Clusters and Sessions — Cassandra Driver 3.2.0.post0 documentation

The main class to use when interacting with a Cassandra cluster. Typically, one instance of this class will be created for each separate Cassandra cluster that your application interacts with.

Example usage:

>>> from cassandra.cluster import Cluster
>>> cluster = Cluster(['192.168.1.1', '192.168.1.2'])
>>> session = cluster.connect()
>>> session.execute("CREATE KEYSPACE ...")
>>> ...
>>> cluster.shutdown()

Any of the mutable Cluster attributes may be set as keyword arguments to the constructor.

Any of the mutable Cluster attributes may be set as keyword arguments to the constructor.

cql_version = None¶

If a specific version of CQL should be used, this may be set to that string version. Otherwise, the highest CQL version supported by the server will be automatically used.

protocol_version = 4¶

The maximum version of the native protocol to use.

The driver will automatically downgrade version based on a negotiation with the server, but it is most efficient to set this to the maximum supported by your version of Cassandra. Setting this will also prevent conflicting versions negotiated if your cluster is upgraded.

Version 2 of the native protocol adds support for lightweight transactions, batch operations, and automatic query paging. The v2 protocol is supported by Cassandra 2.0+.

Version 3 of the native protocol adds support for protocol-level client-side timestamps (see Session.use_client_timestamp), serial consistency levels for BatchStatement, and an improved connection pool.
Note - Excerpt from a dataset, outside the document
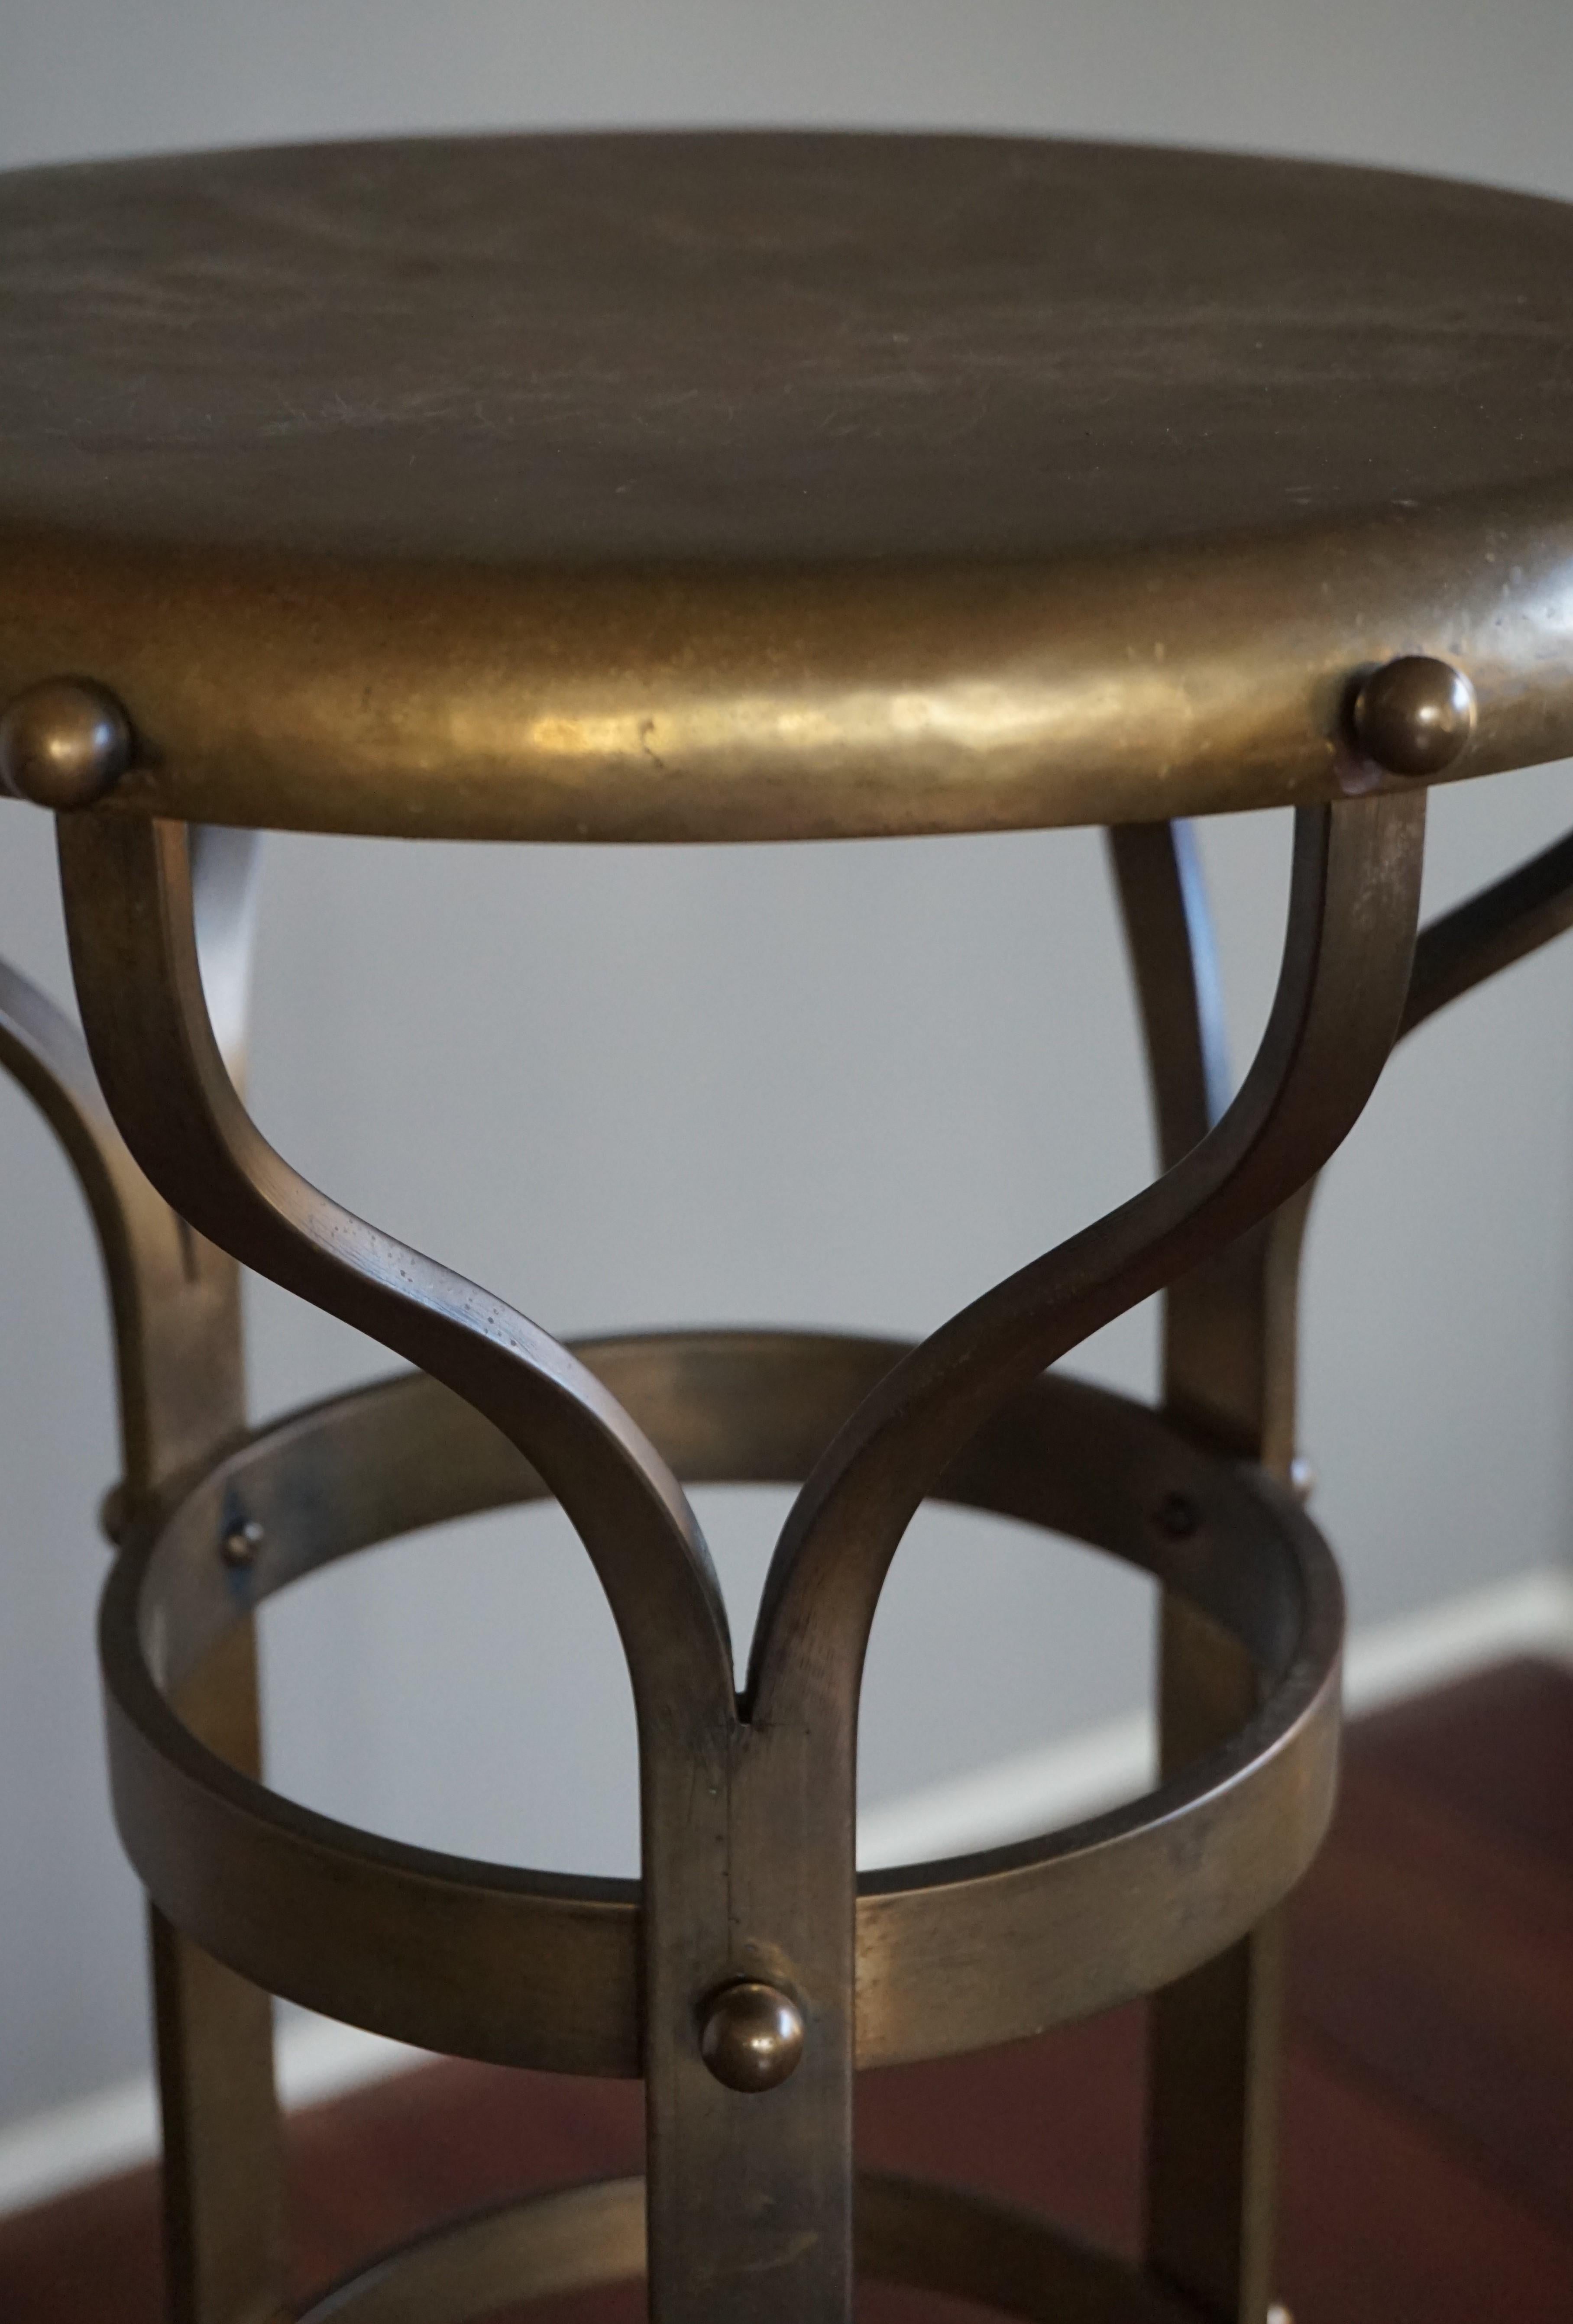 Hand-Crafted Striking and Top Quality Made Solid Brass Arts & Crafts Pedestal Sculpture Stand

Version 4 of the native protocol adds a number of new types, server warnings, new failure messages, and custom payloads. Details in the project docs

The following table describes the native protocol versions that are supported by each version of Cassandra:

Cassandra Version Protocol Versions 1.2 1 2.0 1, 2 2.1 1, 2, 3 2.2 1, 2, 3, 4
port = 9042¶

The server-side port to open connections to. Defaults to 9042.

compression = True¶

Controls compression for communications between the driver and Cassandra. If left as the default of True, either lz4 or snappy compression may be used, depending on what is supported by both the driver and Cassandra. If both are fully supported, lz4 will be preferred.

You may also set this to ‘snappy’ or ‘lz4’ to request that specific compression type.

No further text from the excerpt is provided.